The cop’s name was Andy Jackson—“Not the President.” Chase came up, trailed by her assistant, and shook his hand.
“You want to go in?” Jackson asked. “Not much to see except a dead body, shot once in the forehead, apparently after getting out of his car. The car door is still open, but the garage door is down. It looks like he went to meet somebody at the exit door and was shot where he stood. Probably a .38 or .40-something caliber handgun, judging from the hole. The slug went through his head and into the wall and out the back—the wall’s Sheetrock, and didn’t slow it down much. We’re probably not going to find the slug without jumping through our butts. I’d like to finish with the crime scene stuff before we trample all over it . . .”
“Finish with the crime scene,” Chase said. “What does Lang have to say? Can we talk to him?”
“Sure.
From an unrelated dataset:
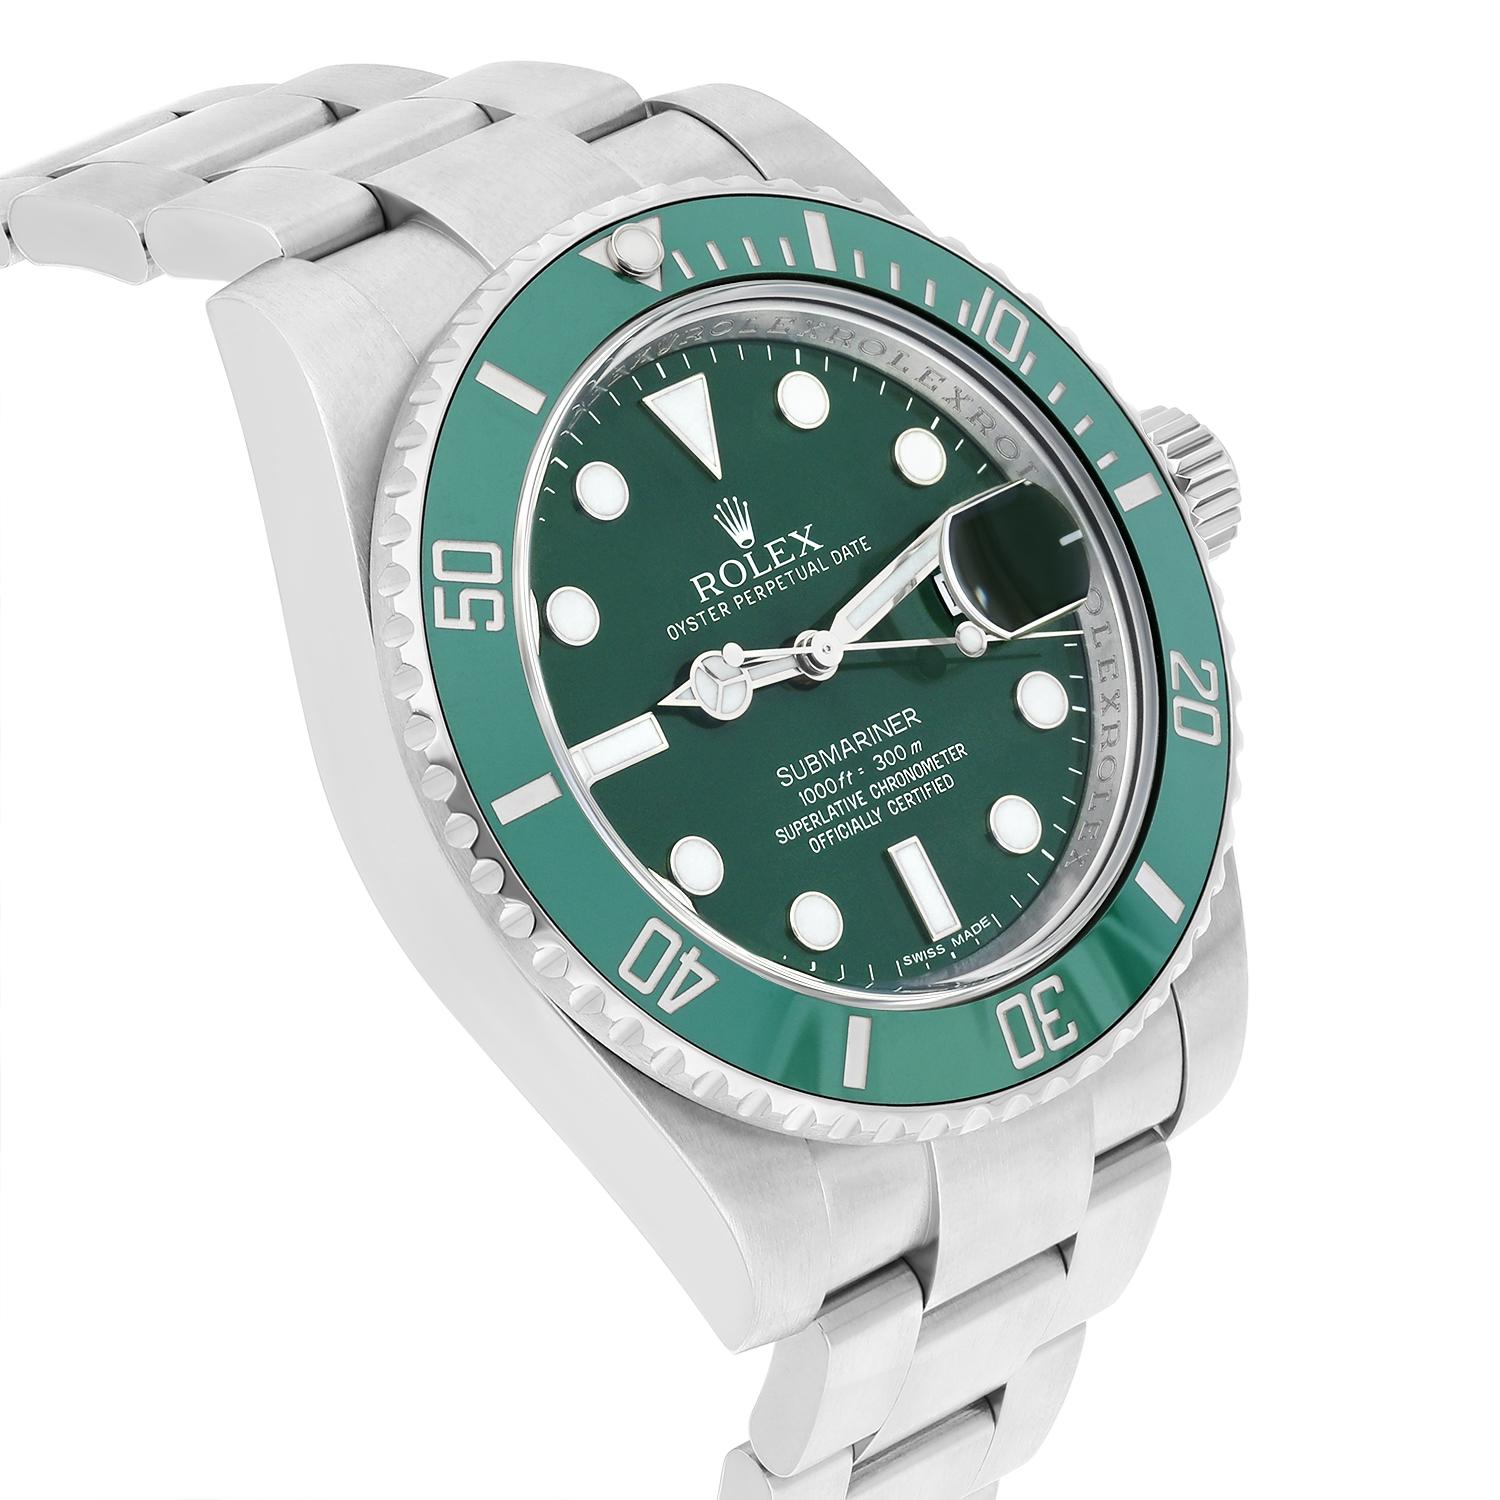 Rolex Submariner 40mm 116610LV HULK Steel Green Ceramic Bezel-Green Dial  In Excellent Condition For Sale In New York, NY

He’s in the main house, Gibson has an apartment over the garage.” Jackson pointed at the garage and Chase turned to look. “Far enough away that Lang says he never heard a thing. Neighbors didn’t hear anything, either, the ones we’ve been able to find.”
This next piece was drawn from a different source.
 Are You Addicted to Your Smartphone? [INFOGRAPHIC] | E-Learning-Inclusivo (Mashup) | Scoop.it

“What do you think about Lang?” Lucas asked.
“Don’t tell him I said so, not yet, but he looks okay to me. Shook up, bad. Of course, you could be shook up if you killed somebody, but I don’t think he did. No complicated alibi. He said Gibson went out last night, after work, said he was going to meet some people on a research project. He was talking to some members of a group called White Fist. Lang’s n
ot sure of the time, but he watched a news program until 10:30 or so, and spent some time in the bathroom, washing his face and brushing his teeth and putting on his pajamas, so he thinks he was in bed around eleven. He saw headlights on his curtains before he went to sleep, and that’s the last thing he knew until he got up this morning.”
“He’s sure it was Gibson? The headlights?”
“He assumed it was, but he didn’t look. Not to say that there might not have been somebody in the car with him. But it looks to me like somebody might have either followed him here, or been waiting for him here, and met Gibson at the door.”
Chase: “Was Gibson involved with anyone?”
“Lang says no. He said Gibson had a girlfriend a couple of years back, for a short time, but he hadn’t seen her for a while. We’ll check to see what she has to say: we’ve got a name. We haven’t had time to talk to Lang much—I’ve been here for . . .” He looked at his watch. “. . . about fifteen minutes.”
* * *
—
“LET’S TALK TO LANG,” Chase said.
On the walk to the main house, Jackson asked, “You think it had to do with Gibson’s research? On these alt-right people?”
“That’s an obvious possibility,” Chase said, “depending on who exactly he was looking at, and how he was going about it.”
“As soon as your crime scene people are done, we need to get up in his apartment and look for a notebook or a laptop or anything else he might have taken notes on,” Lucas said. “We need to check his phone calls, see if there are GPS links that the phone company can help us with.”
“We can do all that,” Jackson said. “There is a laptop up there for sure, and quite a few legal pads.”
“We’d like to be there when you look,” Chase said. “If there’s a link going out to a shooter group—this White Fist sounds interesting—we need to know which one it was.”